7. The Association of GRP78 with COVID-19 Risks

SARS-CoV-2 infection does not cause severe and serious symptoms in all patients, but patients with older age, obesity, diabetes, lung cancer, and some other metabolic abnormalities are more vulnerable [5,6,7,8,9]. Recently, we showed that the expression of GRP78 is abundant in adipose tissues, especially in the visceral regions, and augmented by the conditions of older age, obesity, and diabetes; the overexpression of GRP78 in adipocytes was attributed to hyperinsulinemia, which is usually found in older age and obese and diabetic conditions, and is significantly associated with the stress-responsive transcription factor XBP-1s; glucose levels had little impact on the regulation of GRP78 in adipocytes, suggesting that insulin resistance is a major cause of GRP78 overexpression in adipose tissue [12]. ATF6 activation is also associated with the elevated expression of Grp78 [89,90]. The circulating level of GRP78 is also significantly correlated with obesity, diabetes, and other metabolic syndromes [22,61]. GRP78 is also well known for its high expression in many types of cancers, especially in lung cancers; the circulating levels markedly increase in association with the progression and severity [21,23]. These pathophysiological human health and disease conditions—older age, obesity, diabetes, some types of cancer—likely create environments for the induction and activation of GRP78 in intracellular, extracellular, and circulation areas, which potentially makes patients more vulnerable to COVID-19 (Figure 4).

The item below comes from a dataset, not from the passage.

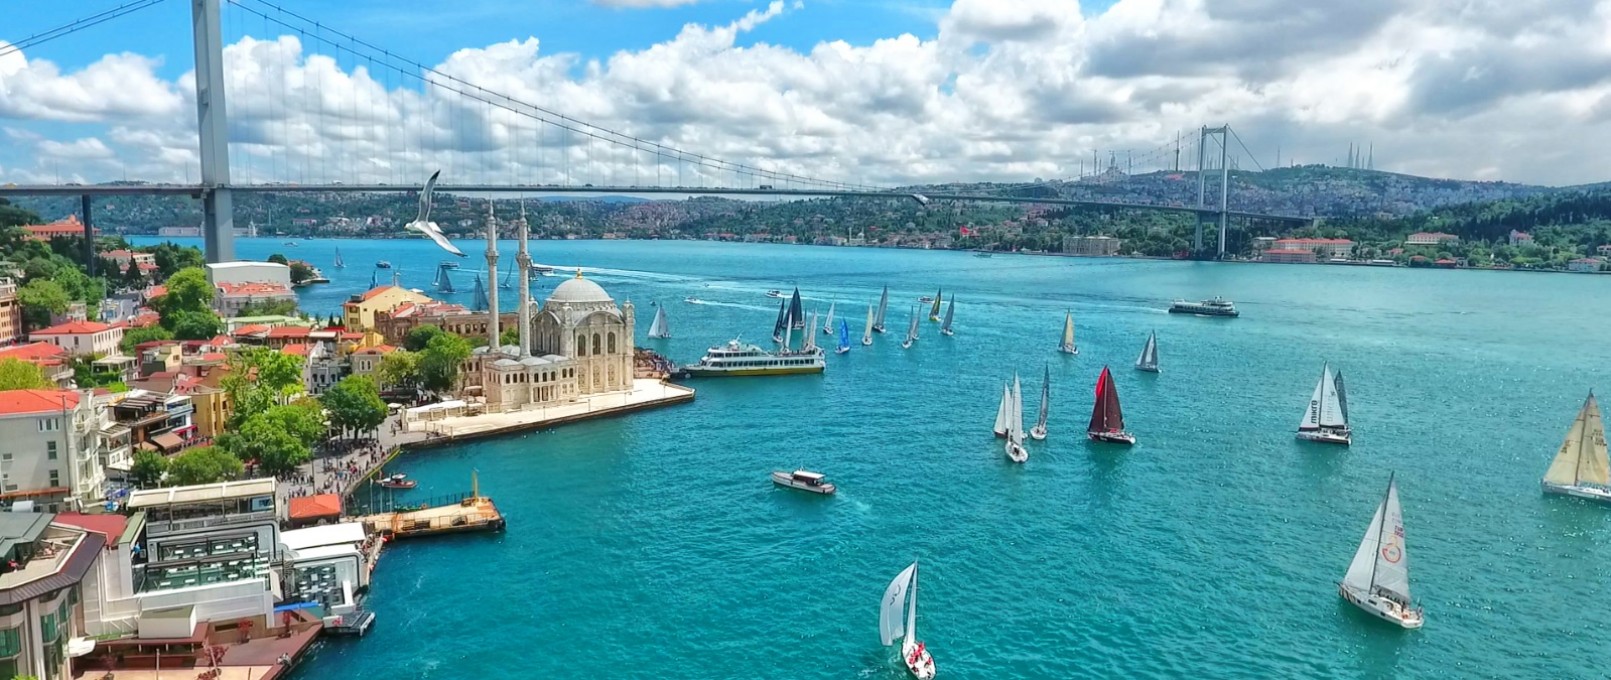 İstanbul <br> Destination for your health

8. Metabolic Implications of GRP78 in COVID-19

In recent years, it has become apparent that SARS-CoV-2 infection can have harmful effects far beyond the lungs; COVID-19 is well known for causing respiratory disease but can also trigger metabolic abnormalities [63,70]. However, the molecular mechanisms remain largely elusive. SARS-CoV-2 infection is associated with the elevated expression of GRP78 in the lung and circulation [62,74], and presumably other infected organs and cells such as liver, adipose tissue and immune cells might exhibit similar overexpression of GRP78 through the virus-induced ER stress and unfolded protein response. The pathological implication of GRP78 overexpression in metabolic diseases has been well established in many previous studies; the expression of GRP78 is significantly increased in the adipose tissue of patients with obesity and diabetes [12]; the circulating level of GRP78 is a molecular marker of several metabolic diseases, including obesity, diabetes, and atherosclerosis [22,61]; the heterozygosity of the Grp78 gene increases energy expenditure and is protective against high-fat diet (HFD)-induced hyperinsulinemia, hyperglycemia, liver steatosis, and adipose inflammation with adaptive UPR [89]. Macrophage-selective ablation of the Grp78 gene improves insulin sensitivity and glucose metabolism in muscle and reduces inflammation in adipose tissue [91]; covalent inhibition of GRP78 by celastrol inhibits lipid accumulation in liver and adipose tissue with reduced ER stress and inflammation [92]. Overexpression of Vaspin, an endogenous antagonist of cell surface GRP78/MTJ-1 complex, ameliorates diet-induced obesity, glucose intolerance, and/or hepatic steatosis with improved ER stress [93]. These research findings have suggested that infection- and stress-induced GRP78 expression might contribute to the metabolic abnormalities of COVID-19 (Figure 4); thus, the detailed relationships should be investigated in future studies.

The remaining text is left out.